梅行武巴巴地等着,眼見太子臉色不虞,急忙替鎮國公遮掩道,“太子殿下,父親定是太過憂心大哥的傷勢,這才失了些分寸的,望殿下見諒。”
太子收斂了心神揮手道,“武弟,你且回去。表哥雖慣常看中你,可梅行文到底還是世子爺,這表面的差事要做得漂亮些。”
梅行武聽着太子嘴裏的“武弟”“表哥”之稱謂,立時歡喜。梅行文雖是世子,太子卻慣常不耐煩梅行文喊他表哥,這會子卻對他這般親切。梅行武頓覺太子對他到底不同些,索性恭恭敬敬地朝太子告辭,唔,且好好回去做他的表面差事去了。
梅行武走後,太子立時命人去百花樓追查情況,國公府不追究,五城兵馬司自然樂得清閑,太子卻不相信百花樓能脫得了幹系。
梅行文昨兒根本沒進百花樓的門檻,隻紅菱被翻了外賣的牌子。紅菱少不得要将事情細細說道,隻隐去了自個兒下了蒙汗藥的一環,隻說梅行文飲酒飲多了,她倒也未曾服侍便回了百花樓。
紅菱回來的時候時辰尚早,當時打趣梅行文不行事的姑娘們且有不少,兩廂作證下,百花樓倒徹底與這事兒沒了關系。而那留下銀兩買了紅菱外出的紙條,隻歪歪扭扭的寫着“伺候梅世子睡下”,旁的線索便再也沒有了。
太子對這番查探自然不滿意,索性命人盯緊了刑部,但凡有蛛絲馬迹定要在第一時間上報。
不得不說,墨連玦這招式十分的高明。既教訓了梅行文,也引得太子對刑部之事越發上心。墨連玦聽着阿武禀告着鎮國公府的動靜,唇角輕諷地勾起,若敢再有下次,就不是直挺挺站立半個月這般簡單了。
靈珑身處大悲寺,京都之事自然不知曉。她陪着古靈兒做完早課,踏出房門打了個哈欠,便見長公主攜了小丫鬟前來,連忙屈膝行禮道,“臣女靈珑見過長公主。”
長公主微笑颔首,擡手虛扶道,“且起身吧。這會子,丞相夫人可做完早課了?”
靈珑微微凝眉,堂堂長公主說要見丞相夫人,自然是無須問詢的。隻她方才出門時,娘親吩咐還要數會子念珠,她怕貿然請公主進門會惹得兩廂不快,索性朝着長公主複又行禮道,“長公主,娘親确已做完早課,隻這會子怕還忙着梳洗,可否容靈珑進屋看看?”
長公主微微愕然,随即便溫婉輕笑道,“是本公主冒失了,靈珑丫頭且去吧。”
靈珑斂裙後退,悄悄推開房門進去。那粉衣丫鬟卻嘟嘴不滿道,“公主,您一早趕來問候,這丞相夫人好大的架子啊。”
長公主撿了個石凳坐下,望着門扉搖頭輕笑道,“紫竹,本公主與丞相夫人是舊識,她隻要願意來見見本公主,等上會子倒也并無妨礙的。”
紫竹詫異,從來沒聽長公主說起過還有舊識,想來這丞相夫人到底不同常人。她見長公主頗爲平和地坐在石凳上,索性湊着長公主坐下,撿着好笑好玩的話語來逗趣,主仆二人自有一番歡愉。

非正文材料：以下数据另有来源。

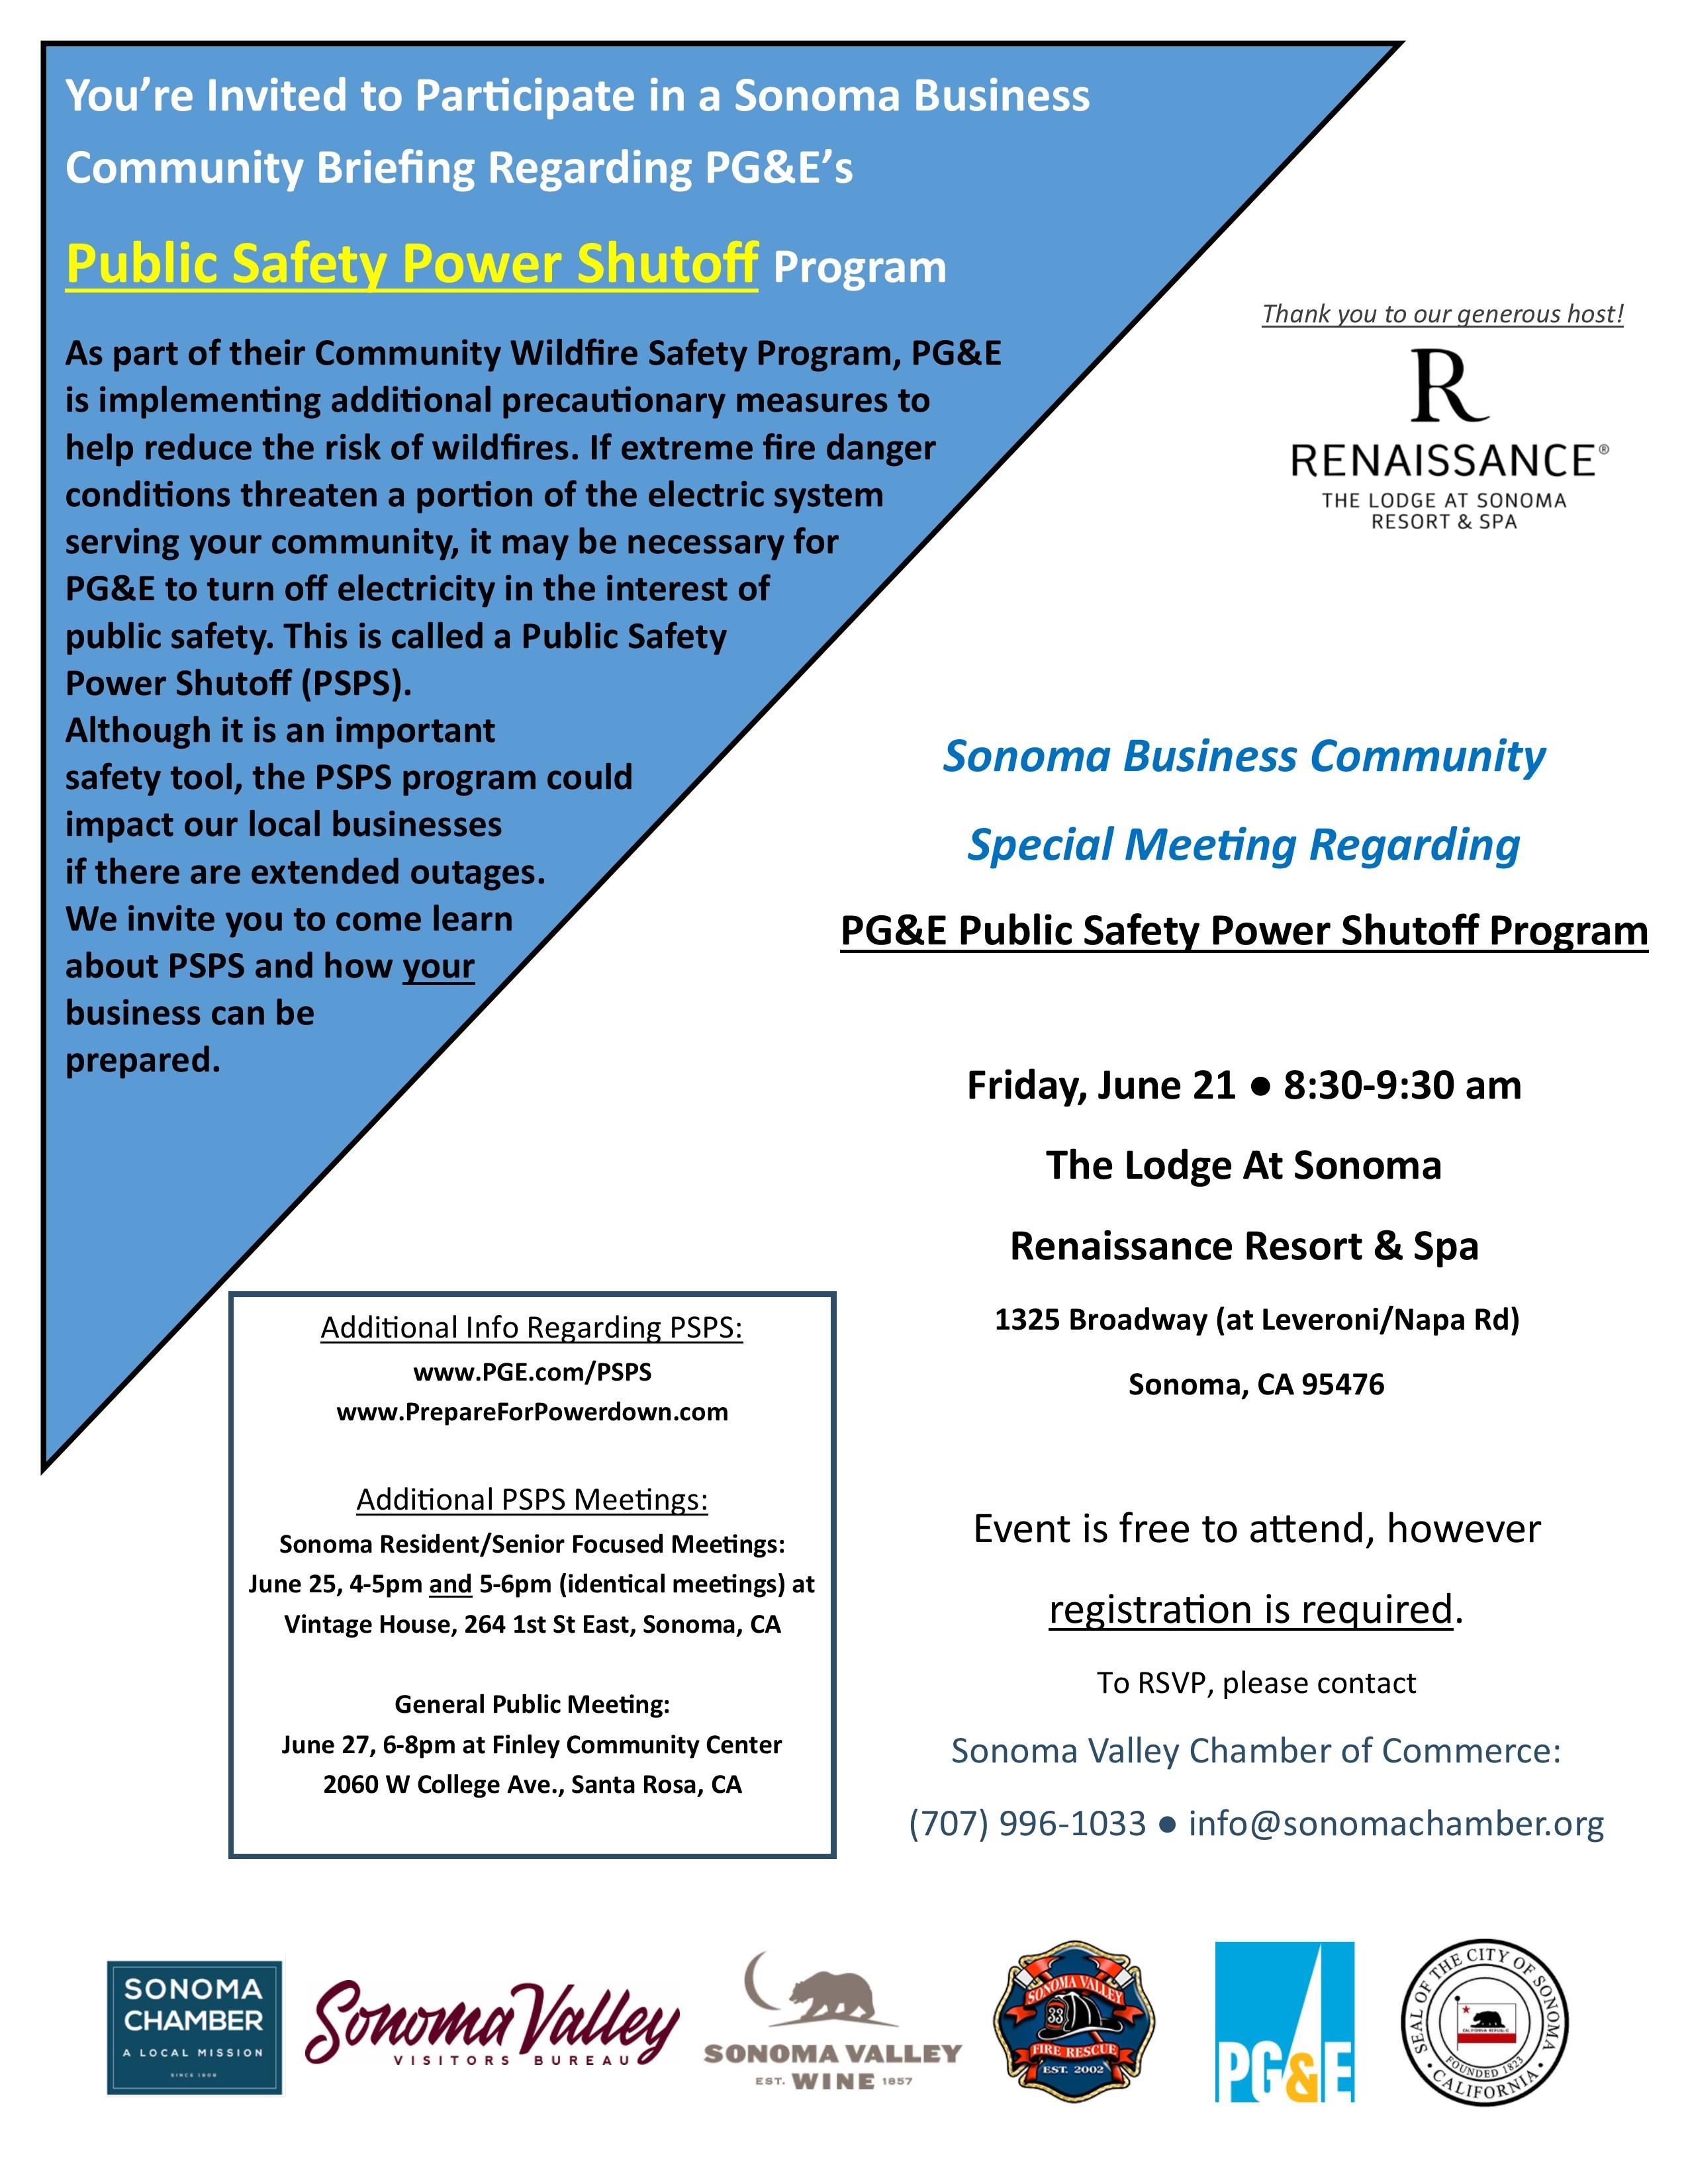 PSPS Meeting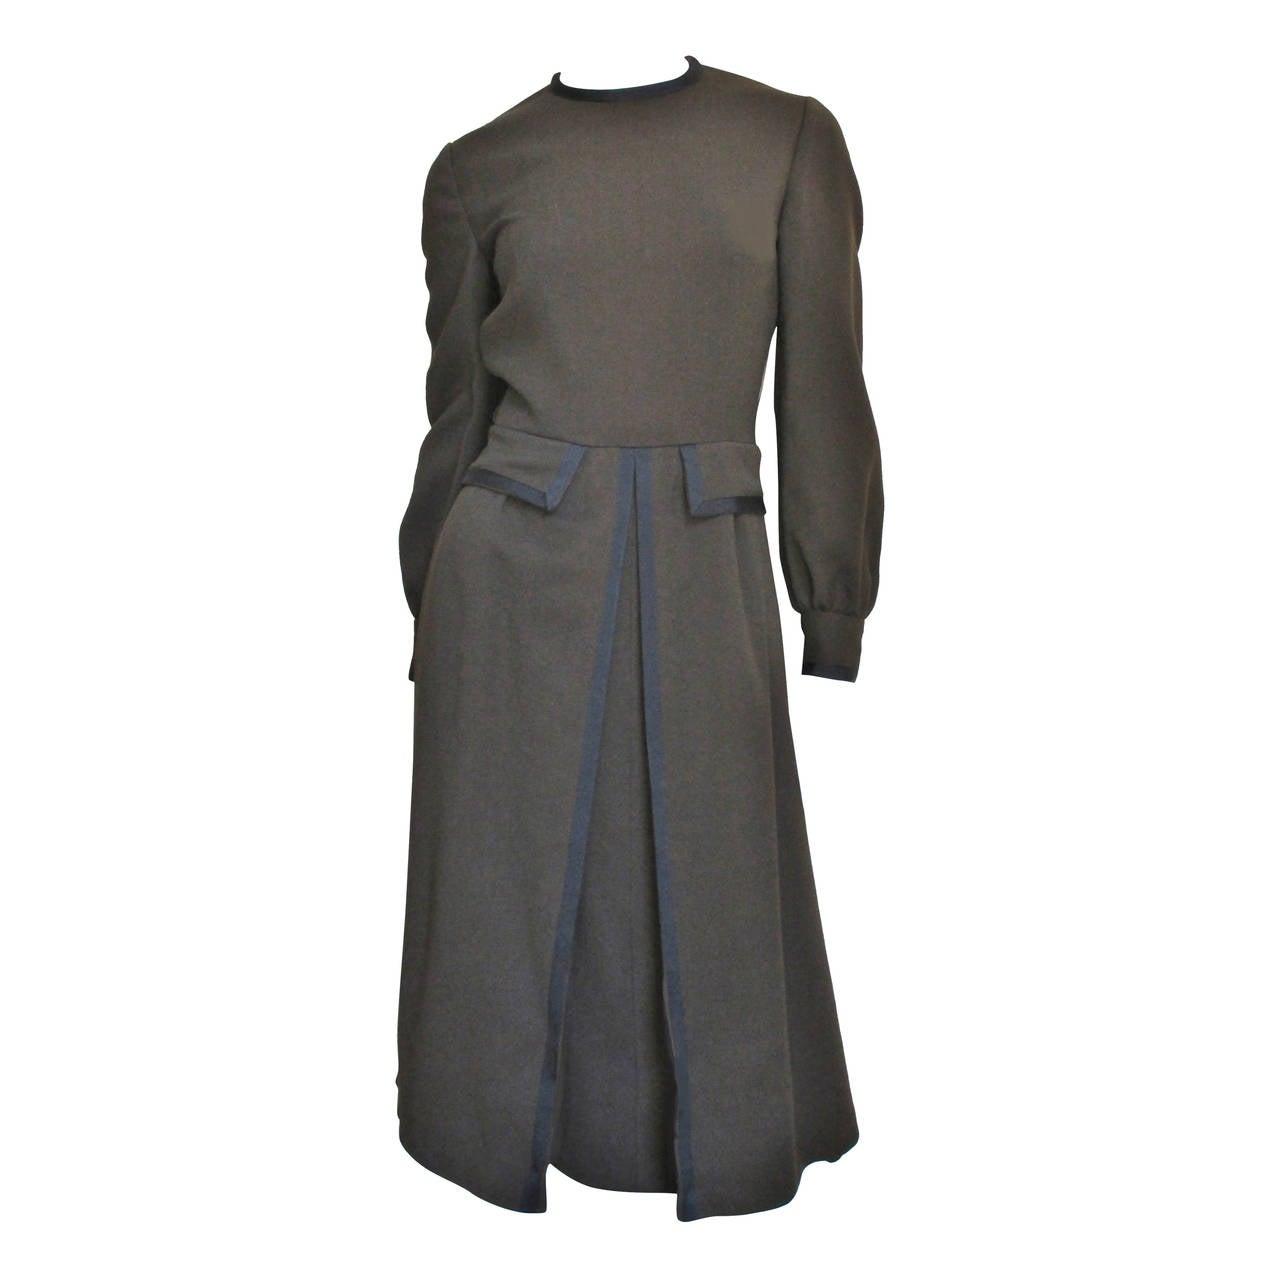 Iconic Geoffrey Beene 1970's Dress 1

且說靈珑回了内室,見古靈兒果然在閉着眼睛數念珠,不由湊近她身側輕聲道,“娘親,長公主來了,您可要見一見?”
古靈兒聞言,手裏的動作略微停止了片刻,稍後便繼續數着念珠,似乎未曾聽見靈珑的話。靈珑不再言語,隻細細爲古靈兒斟滿了茶水,坐在旁側候着。待茶水轉爲溫熱時,古靈兒終于還是睜開了眼睛。
靈珑捧着茶水遞給古靈兒,古靈兒悠然地喝完,慢慢起身整理着衣衫,這才不急不緩地出了屋門。
長公主與紫竹正在閑談,聽見開門聲響起,擡眸淺笑道,“妹妹,姐姐還以爲你不會出來了。”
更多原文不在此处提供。